Abstract

Biogenic apatite preserved in 148 samples of conodonts and organophosphatic-shelled brachiopods from Cambrian through Ordovician successions of the Baltoscandian Basin (Baltica Plate) preserves a sensitive record of early Palaeozoic sea-water chemistry interpreted via neodymium isotope ratios. Consistent εNd(t) values of −9.6 to −8.3 for Lower to Middle Cambrian samples suggest no significant lateral or temporal variation across the region. Average Upper Cambrian values are −7.2 to −7.7. Sedimentary analysis suggests that the influence of continental weathering from Baltica as a major source of radiogenic Nd was negligible. Ordovician samples show a rise to −5 to −6 in the early Arenig, early–mid Llanvirn and late Caradoc. Sea-water mixing from the southeast Iapetus Ocean was a constant factor throughout Cambrian–Ordovician times.
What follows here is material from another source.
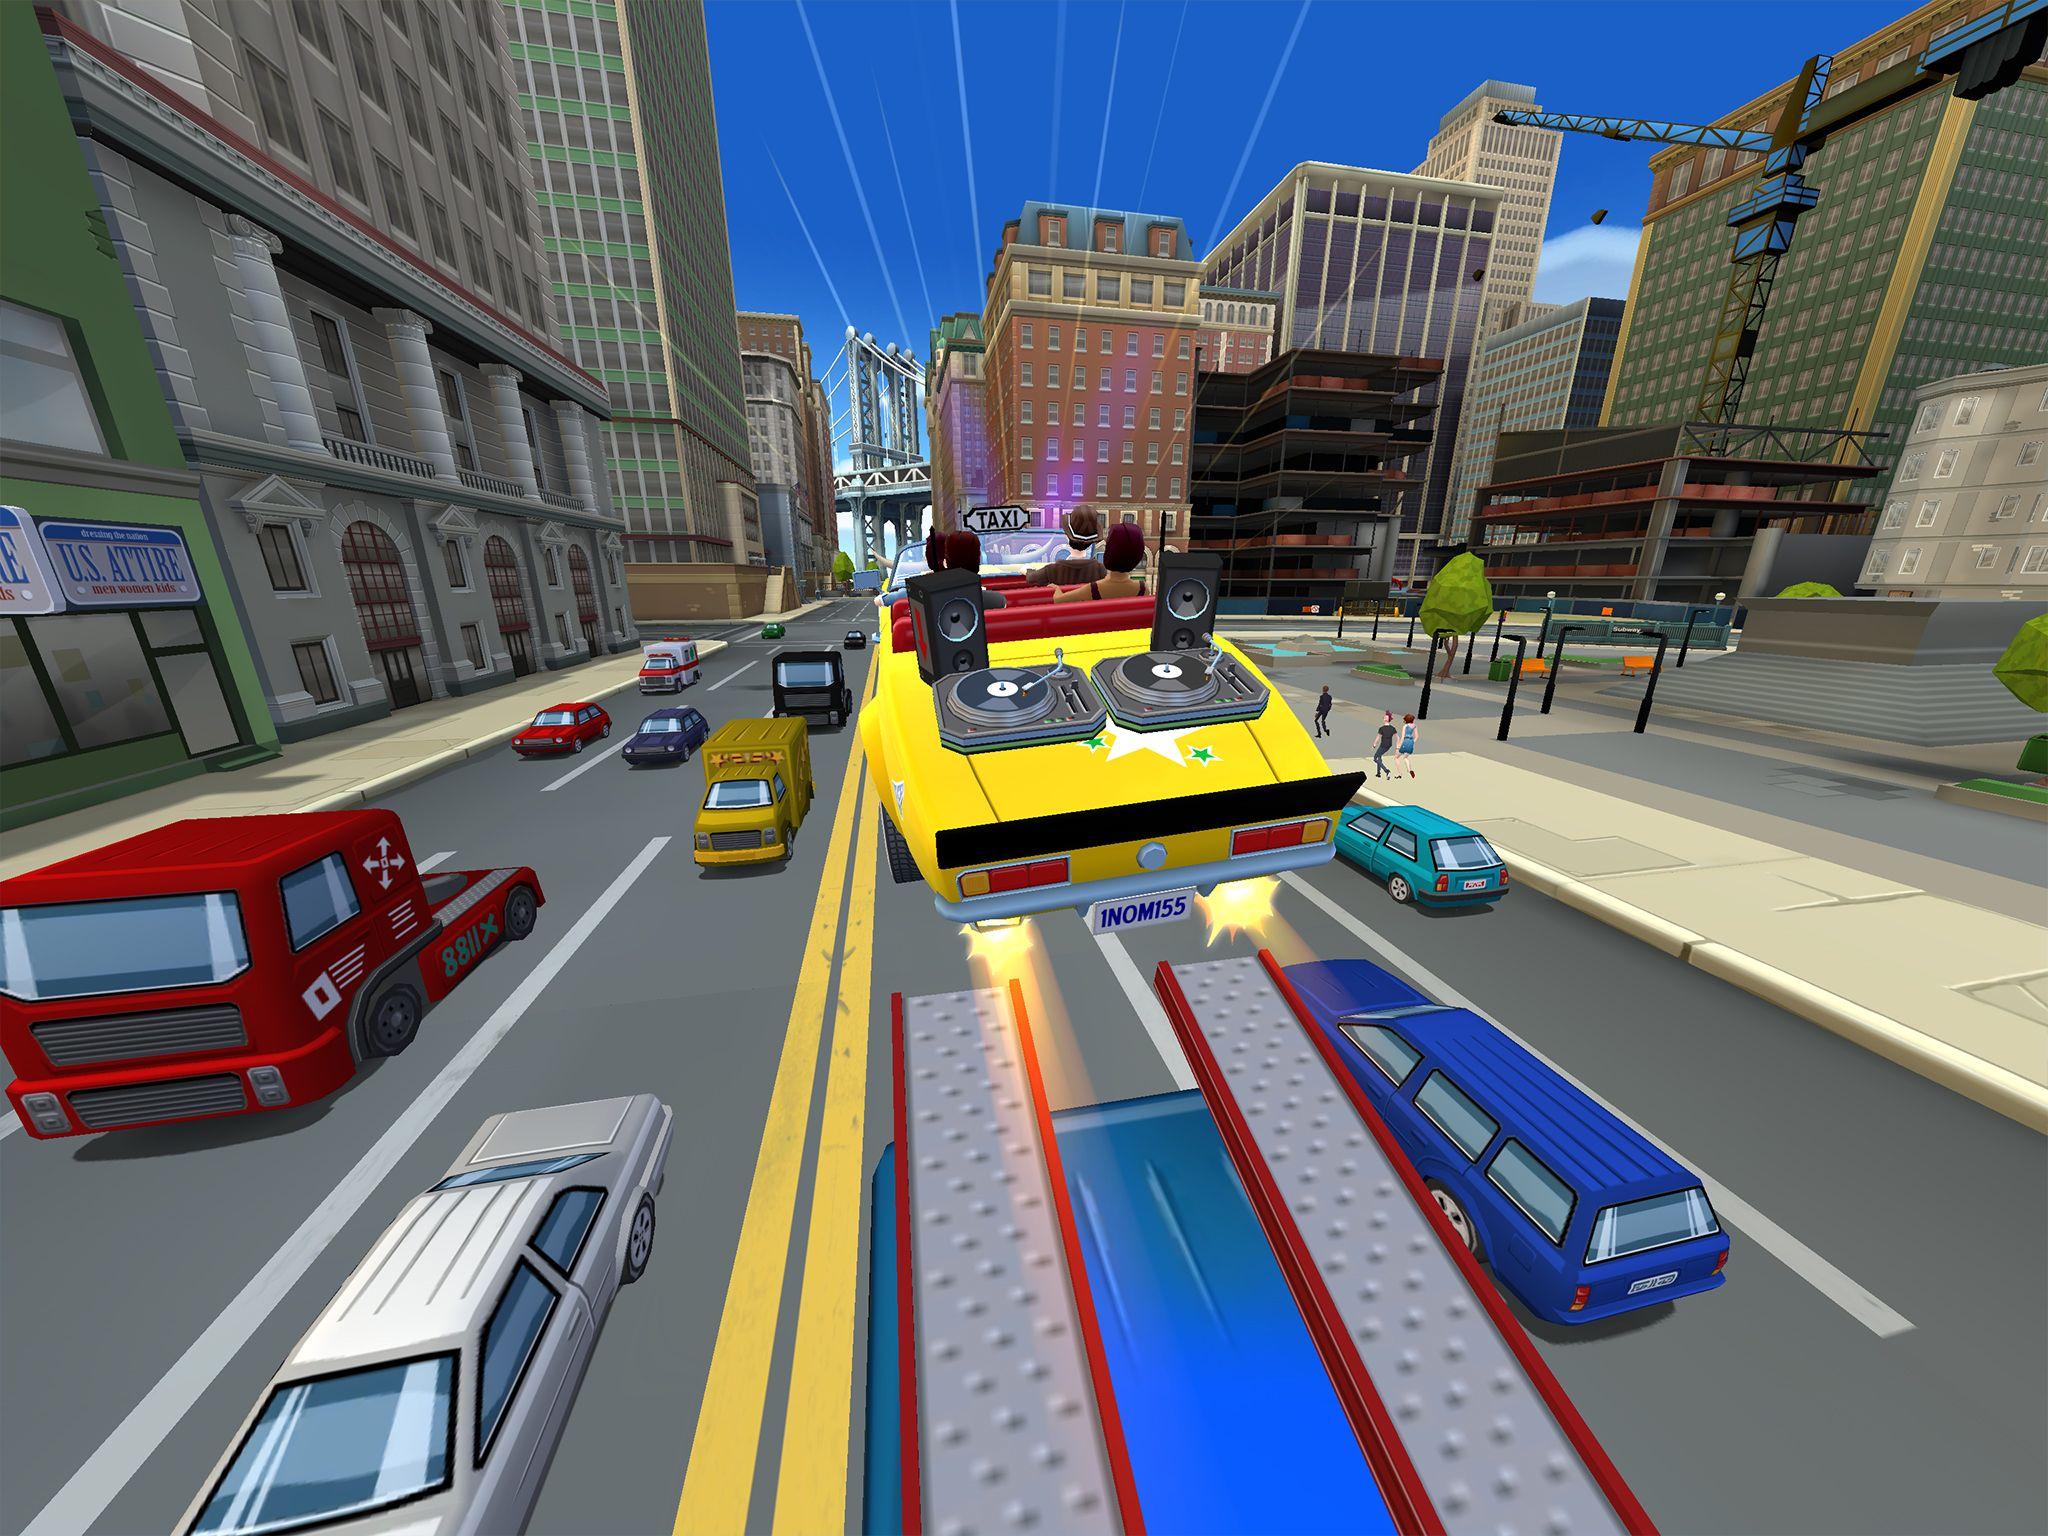 crazy-taxi-city-rush-ipad-screenshot-001.jpg

The rise reflects erosion of obducted volcanic arc complexes along the Caledonian margin, and probably also relates to pollution of the Baltica sector of Iapetus from the approaching Avalonia Plate. Patterns of evolutionary biodiversity and palaeobiogeographical linkages support the geochemical signatures in interpreting the tectonic history of the region. Extinction of lingulate brachiopod faunas in the Tremadoc, followed by subsequent recovery and emergence of benthic assemblages typical of the Ordovician Evolutionary Fauna in the Billingen–early Volkhov regional stages coincide with significant changes in geochemical characteristics of water masses across the Baltoscandian basin. The early and mid Ordovician (Arenig to Llandeilo) brachiopod faunas of the North Estonian Confacies Belt are characterized by high endemism and low turnover rates, whereas increased immigration resulted in the extinction of a number of local lineages in the late Llanvirn. From the mid Caradoc to mid Ashgill, when Baltica was drifting on a course to collide eventually with Avalonia and gradually approach Laurentia, brachiopod assemblages were characterized by higher turnover rates. At the same time they gradually became more cosmopolitan and less influenced by the invasion of new faunas.